Профан проморгался и посмотрел, как они там джазуют, ходят колесом, обезьянничают кадреж. Они раскачивались на поручнях, елозили по шестам; Толито швырял семилетнего Чучку по всему вагону, как бобовый пуф, а за всем этим, полиритмично долбя под дребезг челнока, Хосе на своем жестяном барабане, руки и кисти вибрируют за пределами стойкости зрения, а во все зубы – неустанная улыбка шириной с целый Уэст-сайд.
Они пошли с банкой, когда поезд подъезжал к Таймз-скуэр. Профан закрыл глаза, не успели они до него дойти. Уселись напротив, считая выручку, ноги болтаются.

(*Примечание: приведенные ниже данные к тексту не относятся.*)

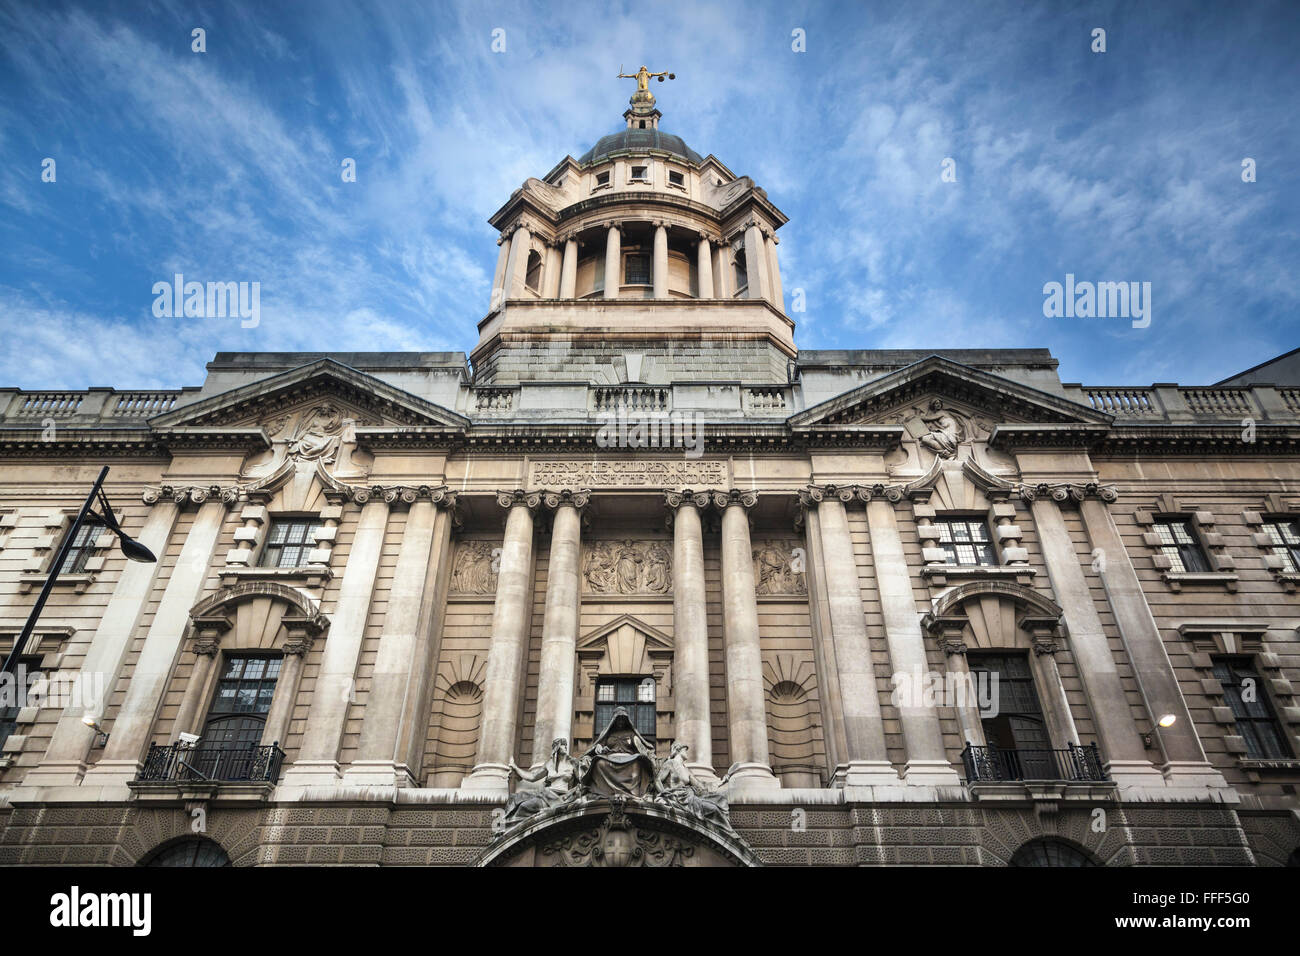 Façade du bâtiment 1900 pour la Cour pénale centrale, connue sous le nom de Old Bailey, dans le centre de Londres. La justice statue sur le dessus. Banque D'Images

Чучка в середине, двое других пытались столкнуть его на пол. В вагон вошли два подростка из их района: черные твиловые штаны, черные рубашки, черные бандовые куртки, на спинах стекающим красным выписано «БАБНИКИ». Всякое движение среди троицы резко прекратилось. Они уцепились друг за друга, распахнувши глаза пошире.

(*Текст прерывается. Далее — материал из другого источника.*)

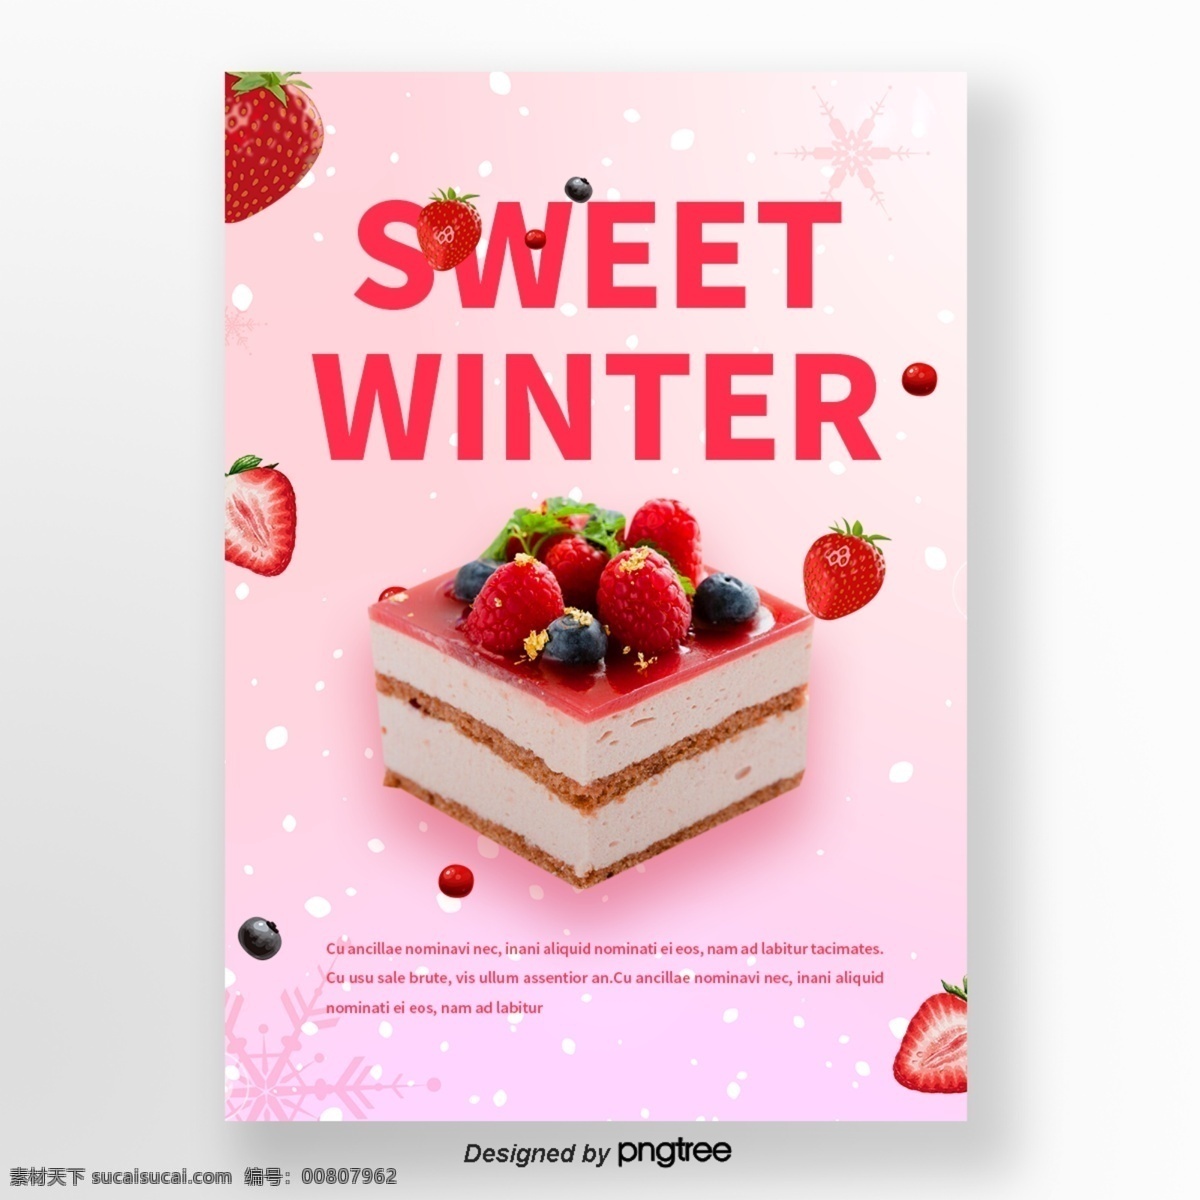 粉色 雪花 草莓 蓝莓 蛋糕 咖啡 冬季 甜味 食品 海报 n 冬天 水果 雪花儿 山莓 身高 颜色粉色

Чучка, детка, сдержать в себе ничего не смог.
– Maricón![12] – с ликованьем завопил он. Глаза Профана раскрылись. Набойки мальчишек постарше процокали мимо, равнодушно и стаккатно, в следующий вагон. Толито возложил руку на голову Чучки, стараясь вмять его в пол, чтоб не отсвечивал. Тот вывернулся. Двери закрылись, челнок снова тронулся к Главному центральному. Троица обратила свое внимание на Профана.
– Эй, дядя, – сказал Чучка. Профан наблюдал за ним, полусторожко.
– А чего это, – сказал Хосе. Кофейную банку он рассеянно напялил себе на голову, где она съехала ему на уши. – Чего ты на Таймз-скуэр не вышел.
– Он спал, – сказал Толито.
– Он йо-йо, – сказал Хосе. – Вот увидишь. – На миг они забыли Профана, переметнулись по вагону вперед и сыграли свой номер. Когда поезд снова отходил от Главного центрального, возвратились.
– Видишь, – сказал Хосе.
– Эй, дядя, – сказал Чучка, – чего это.
– Ты без работы, – сказал Толито.
– Пошел бы на аллигаторов охотиться, как мой брат, – сказал Чучка.
– Брат Чучки из дробовика их стреляет, – сказал Толито.
– Если тебе работа нужна, надо на аллигаторов охотиться, – сказал Хосе.
Профан почесал живот. Посмотрел в пол.
– То постоянка, – спросил он.
Подземка подъехала к Таймз-скуэр, изрыгнула пассажиров, приняла внутрь еще, захлопнула двери и завизжала прочь по тоннелю. Прибыл еще один челнок, по другому пути. В буром свете мотылялись тела, громкоговоритель объявлял челноки. Час обеда. Станция подземки зажужжала, наполнилась человечьим шумом и движеньем. Гуртами возвращались туристы. Пришел другой поезд, открыл, закрыл, пропал. Давка на деревянных перронах росла, вместе с аэром лишений, голода, тягости мочевых пузырей, удушья. Вернулся первый челнок.